The Plumber Who Fixed the Leak and Created a Flood
Plumbing businesses operate on emergency logic: the call comes in, the job must be dispatched, and the invoice is paid after the work is complete. Cash flow lags behind labor by days or weeks, and the gap between completing a job and receiving payment from a general contractor or property management company can stretch a month. MCA funders present themselves as the solution to that gap, and in the immediate term, they are. What they do not present is what the remittance structure looks like six months later against a business that carries variable job volume and cannot predict when the next large commercial contract will arrive.
Risk One: Invoice Cycle Mismatch
A plumbing company that handles commercial accounts may complete tens of thousands of dollars in work and wait thirty to sixty days for payment. The MCA remittance runs daily. The structural problem is that the business is paying back tomorrow’s revenue with today’s account balance, and on the days when large commercial payments have not yet arrived, the daily withdrawal reduces the operating cushion toward zero. A plumbing company that looks profitable on a monthly income statement may carry a bank account that is chronically thin at mid-month because the MCA remittance is continuous and the receivables cycle is not.
Risk Two: Licensing and Bond Exposure
Plumbing contractors in most states must maintain a surety bond as a condition of licensure. Bond premiums are renewed annually, and a bonding company that discovers significant unsatisfied commercial judgments against a contractor may decline renewal or demand a substantially higher premium. An MCA default that produces a personal judgment against the owner, combined with a confession of judgment filed in a state that permits them, can trigger exactly that discovery when the bond comes up for renewal. A plumbing company that loses its bond cannot legally operate in most jurisdictions regardless of its technical competence.
The judgment is not only a financial instrument. In a licensed trade, it is an operational threat.
Risk Three: Van and Equipment Liens in Active Rotation
Service vans are not static assets in a plumbing business. They are dispatched multiple times daily, they carry inventory, and their operational availability is directly tied to revenue. When a UCC blanket lien covers the vans and a default is declared, the funder’s ability to assert a claim on those vehicles creates complications that are not theoretical. An owner who cannot demonstrate clear title to a van cannot sell it, cannot use it as collateral for a line of credit, and in a default enforcement scenario, may find a collections attorney asserting rights to physical assets that the business needs to generate the revenue to pay the debt. The circularity is not accidental.
Risk Four: Subcontractor Relationships and Timing
Plumbing companies that use subcontractors for overflow work or specialized pipe systems pay those subs from operating cash. When MCA remittances have depleted the account below the level needed to cover subcontractor invoices, the plumbing company either delays payment, which damages the relationship, or covers the gap from personal funds, which depletes personal assets.
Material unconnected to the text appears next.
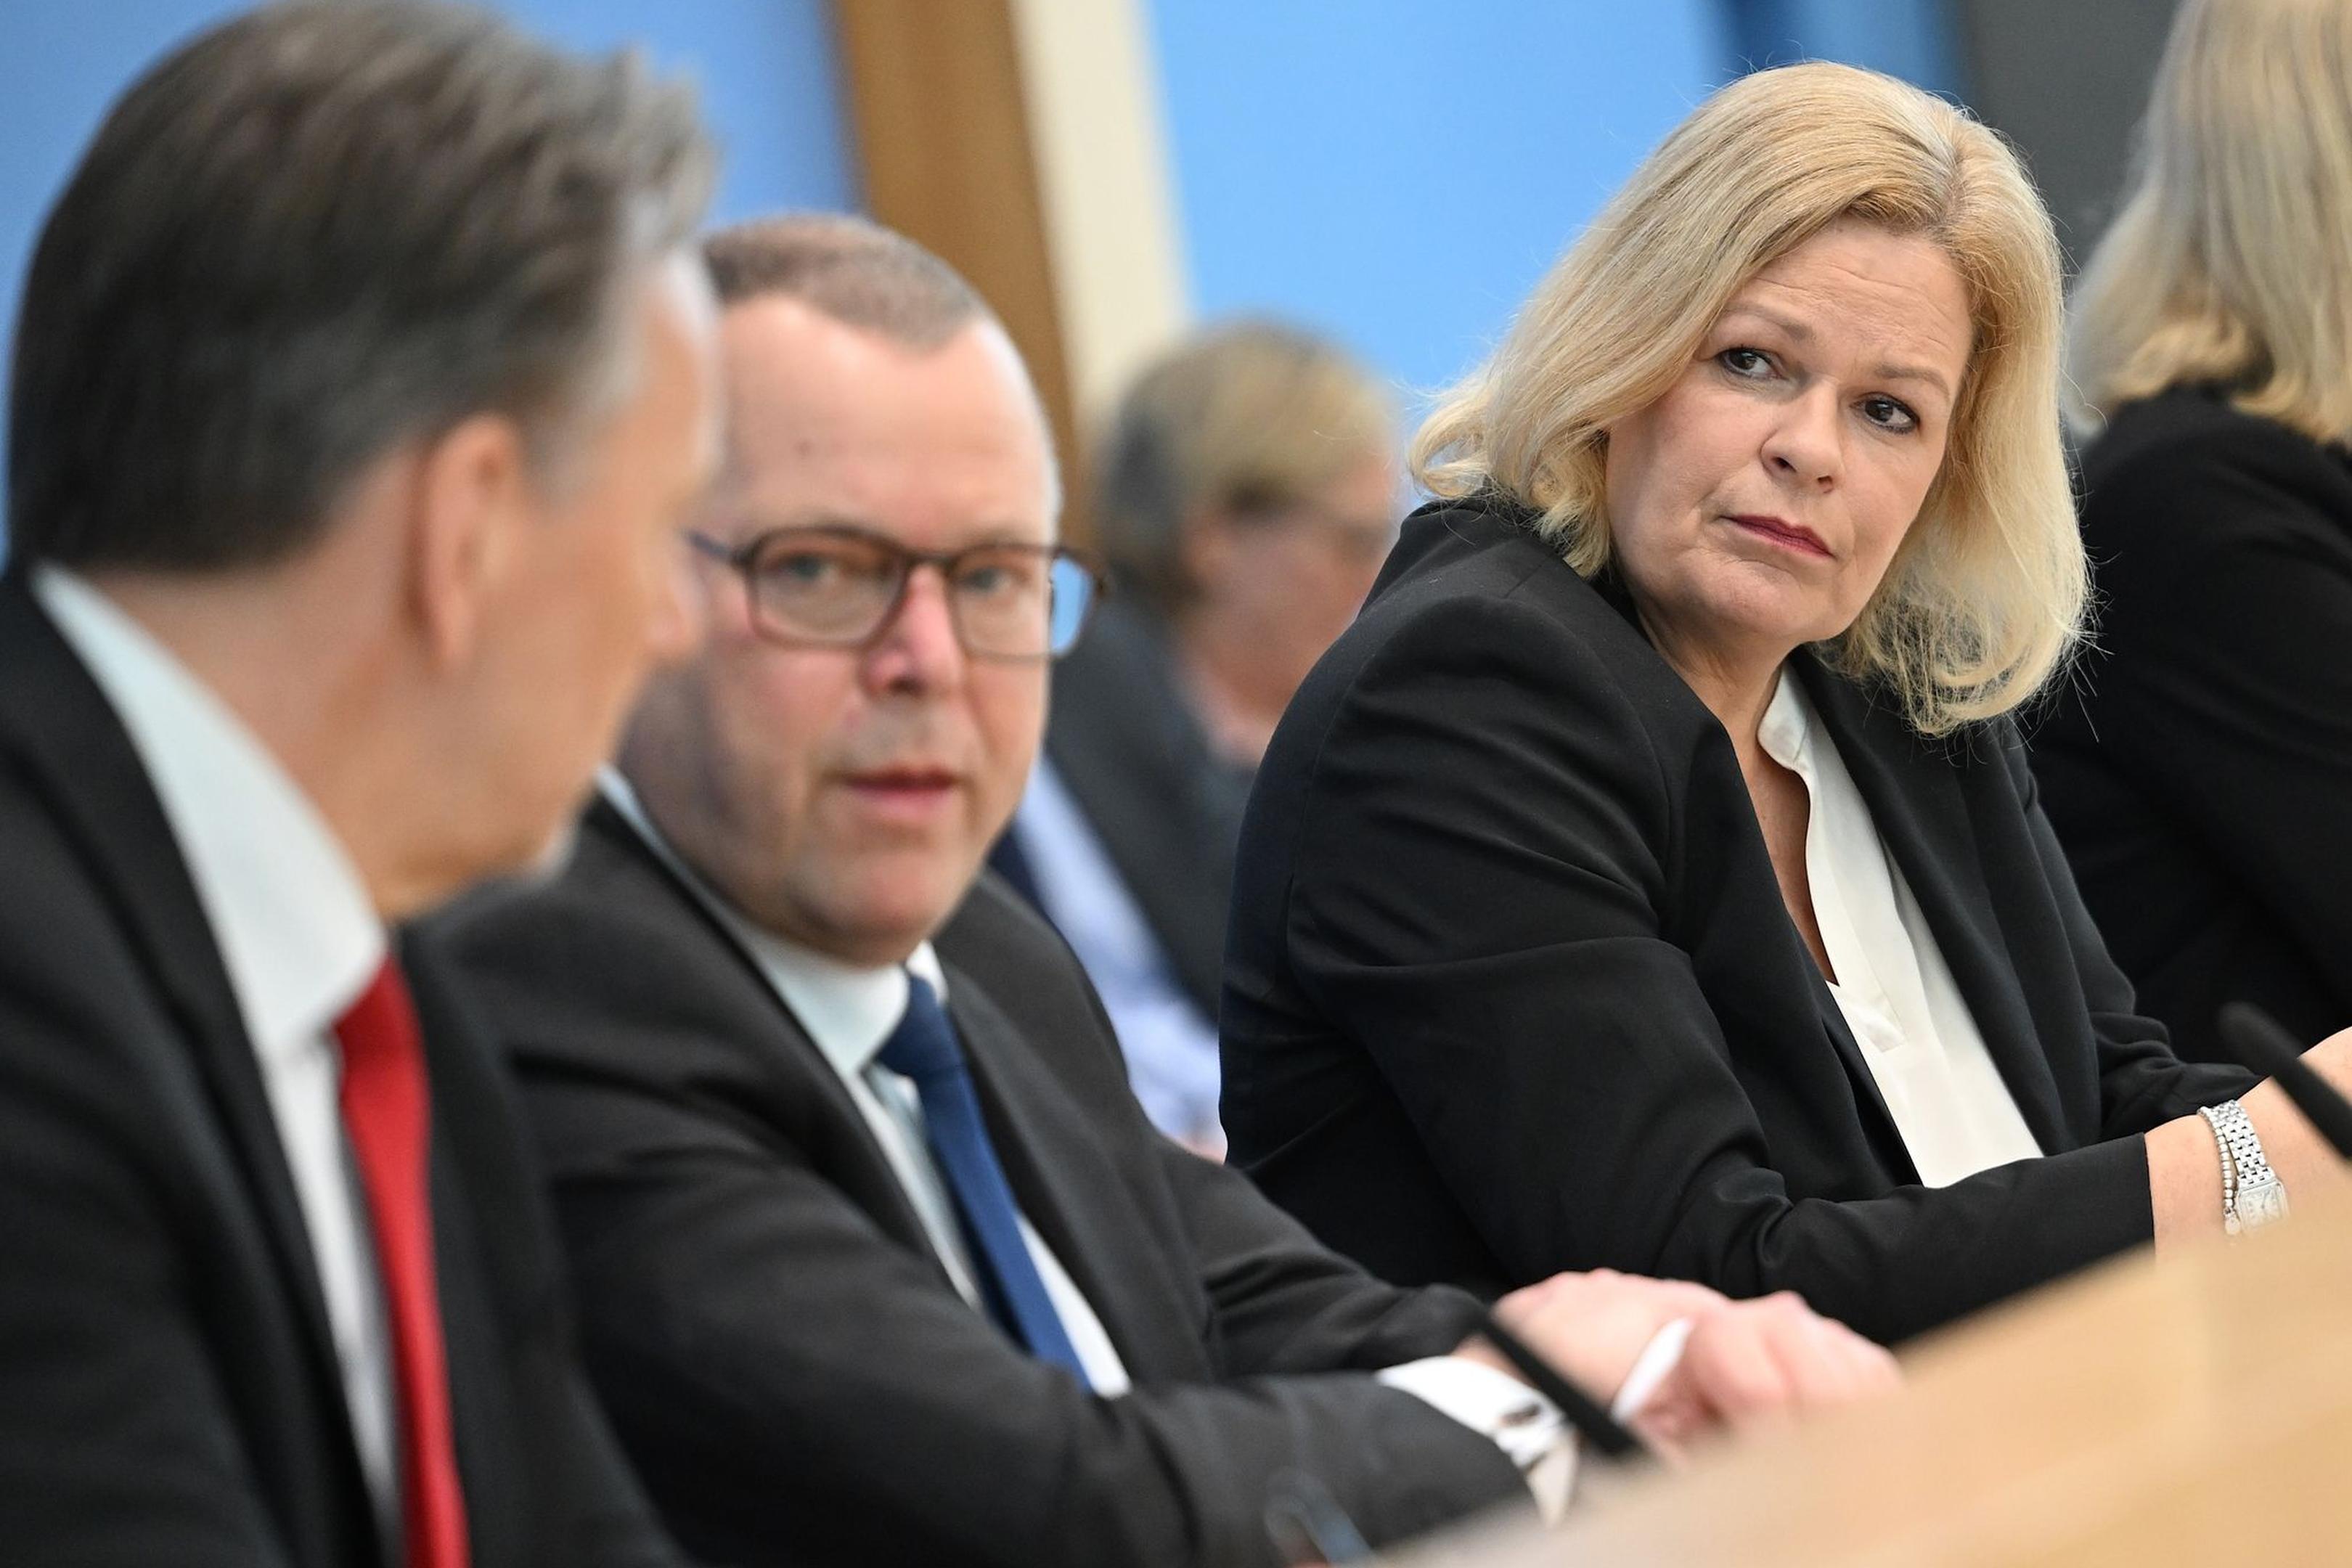 Bundesinnenministerin Nancy Faeser (SPD) und die Länder-Ressortchefs schalten sich heute in einer Videokonferenz zusammen, um nach Angriff in Dresden über besseren Schutz zu beraten.

The owner who is personally guaranteeing the MCA while simultaneously funding subcontractor payments from personal savings is absorbing losses in both directions simultaneously.
Risk Five: The Usury Argument in Licensed Trade Context
The New York Attorney General’s January 2025 settlement with Yellowstone Capital, which resulted in a judgment exceeding one billion dollars and the cancellation of hundreds of millions in outstanding obligations, established that MCA agreements structured as loans, with fixed repayment obligations and no genuine risk of non-repayment based on receivables performance, are subject to state usury law. Plumbing contractors who entered MCA agreements with effective annual rates far exceeding applicable usury caps may have grounds to challenge the underlying obligation as void. The argument is fact-specific and requires an attorney to analyze the agreement’s structure, but the regulatory environment of 2025 is more receptive to that argument than it was in 2020.
Whether a given agreement qualifies depends on details that vary by contract and by state. What is clear is that the presumption that all MCA agreements are beyond legal challenge has been significantly eroded.